Segment Start: DATA PROVIDED

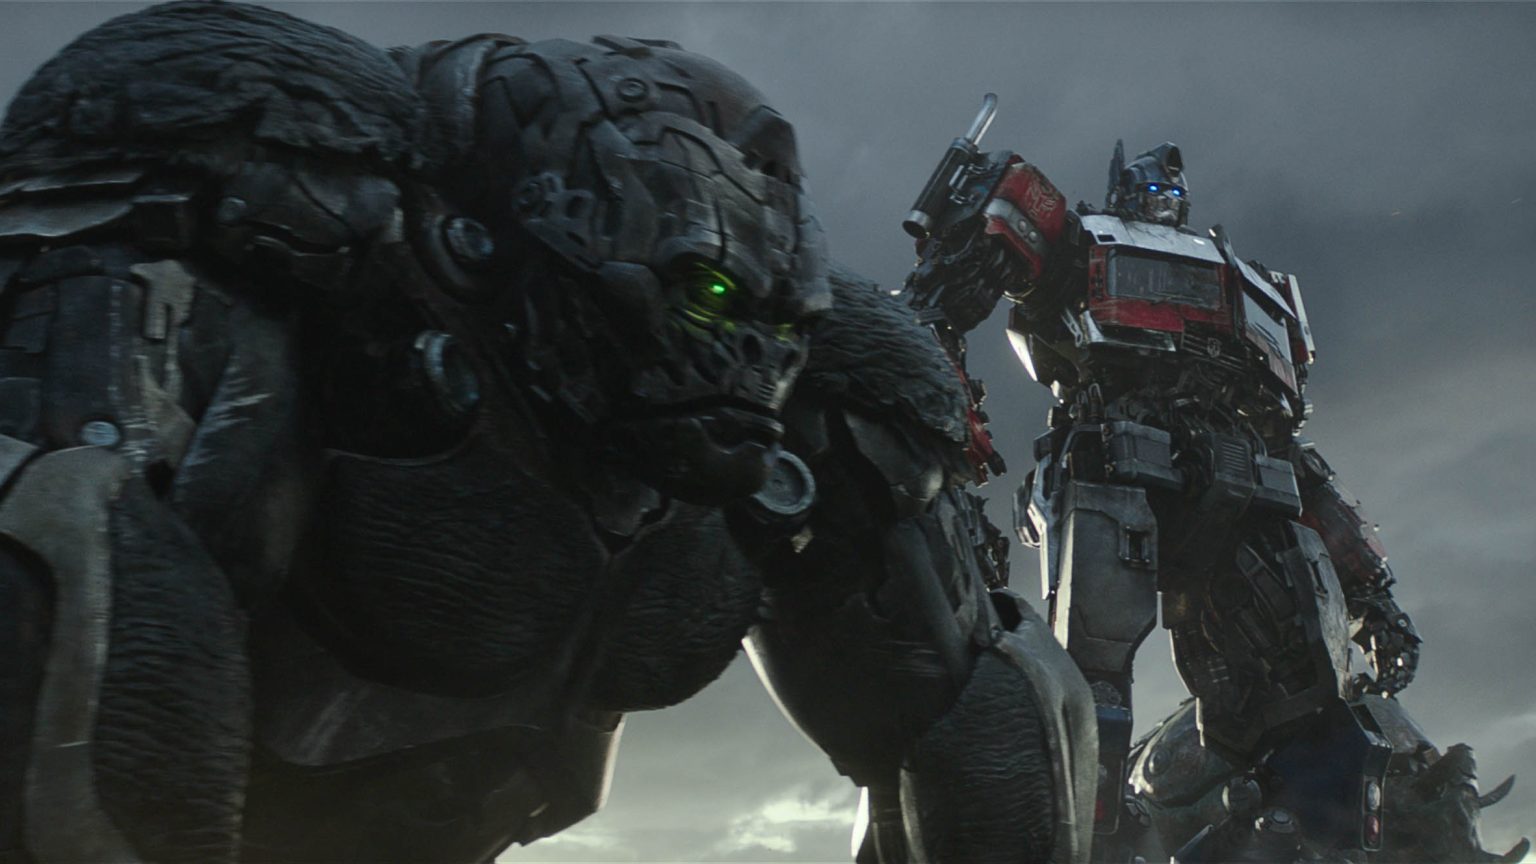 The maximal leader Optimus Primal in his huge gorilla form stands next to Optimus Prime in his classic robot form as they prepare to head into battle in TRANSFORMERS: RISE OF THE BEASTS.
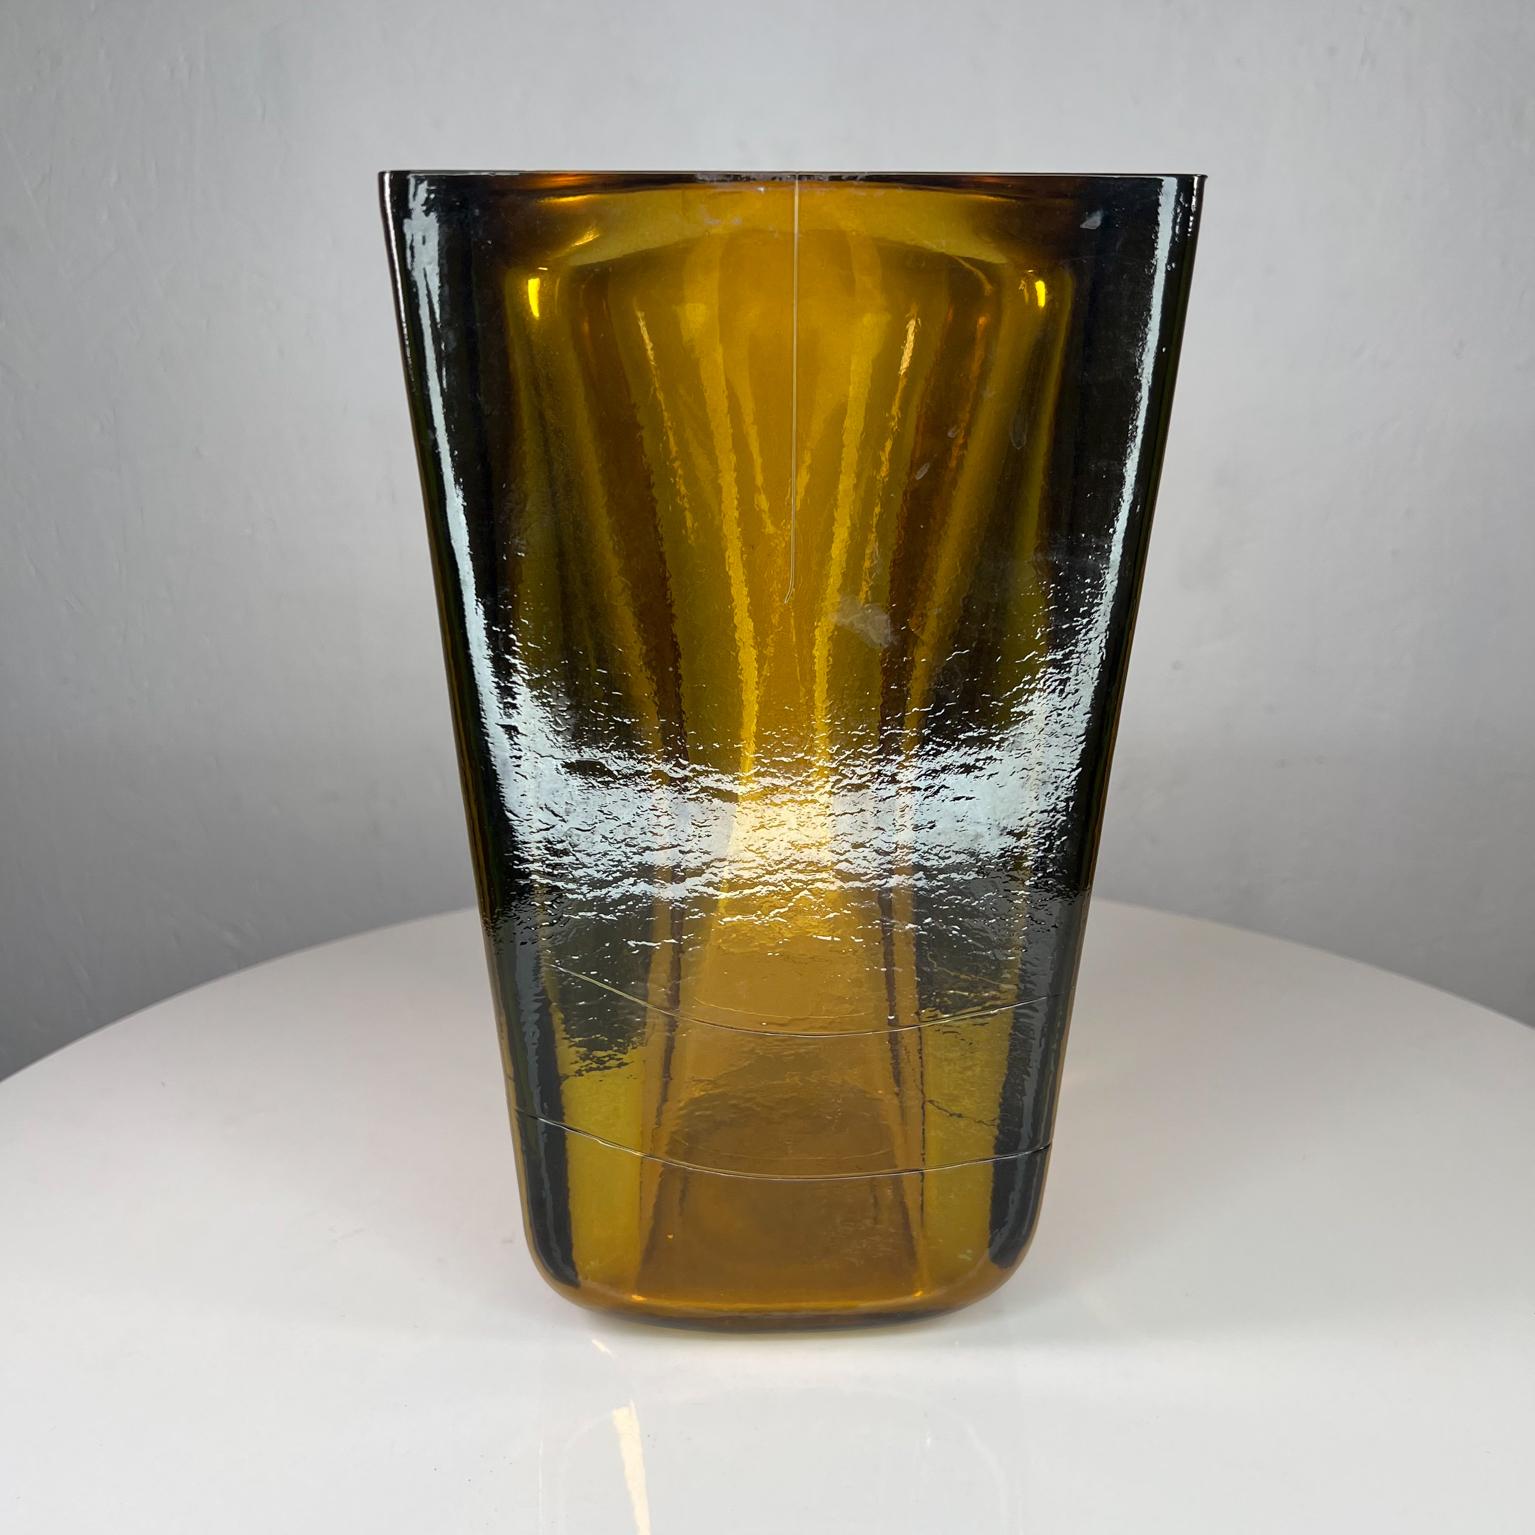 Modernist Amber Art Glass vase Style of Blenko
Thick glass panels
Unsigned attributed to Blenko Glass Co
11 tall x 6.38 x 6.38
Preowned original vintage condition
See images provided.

Segment End: DATA PROVIDED

• EXERCISE GOAL: Please give back the material above exactly as written, pictures omitted.

• OUTPUT FOR THIS TASK:
 The maximal leader Optimus Primal in his huge gorilla form stands next to Optimus Prime in his classic robot form as they prepare to head into battle in TRANSFORMERS: RISE OF THE BEASTS.
 Modernist Amber Art Glass vase Style of Blenko
Thick glass panels
Unsigned attributed to Blenko Glass Co
11 tall x 6.38 x 6.38
Preowned original vintage condition
See images provided.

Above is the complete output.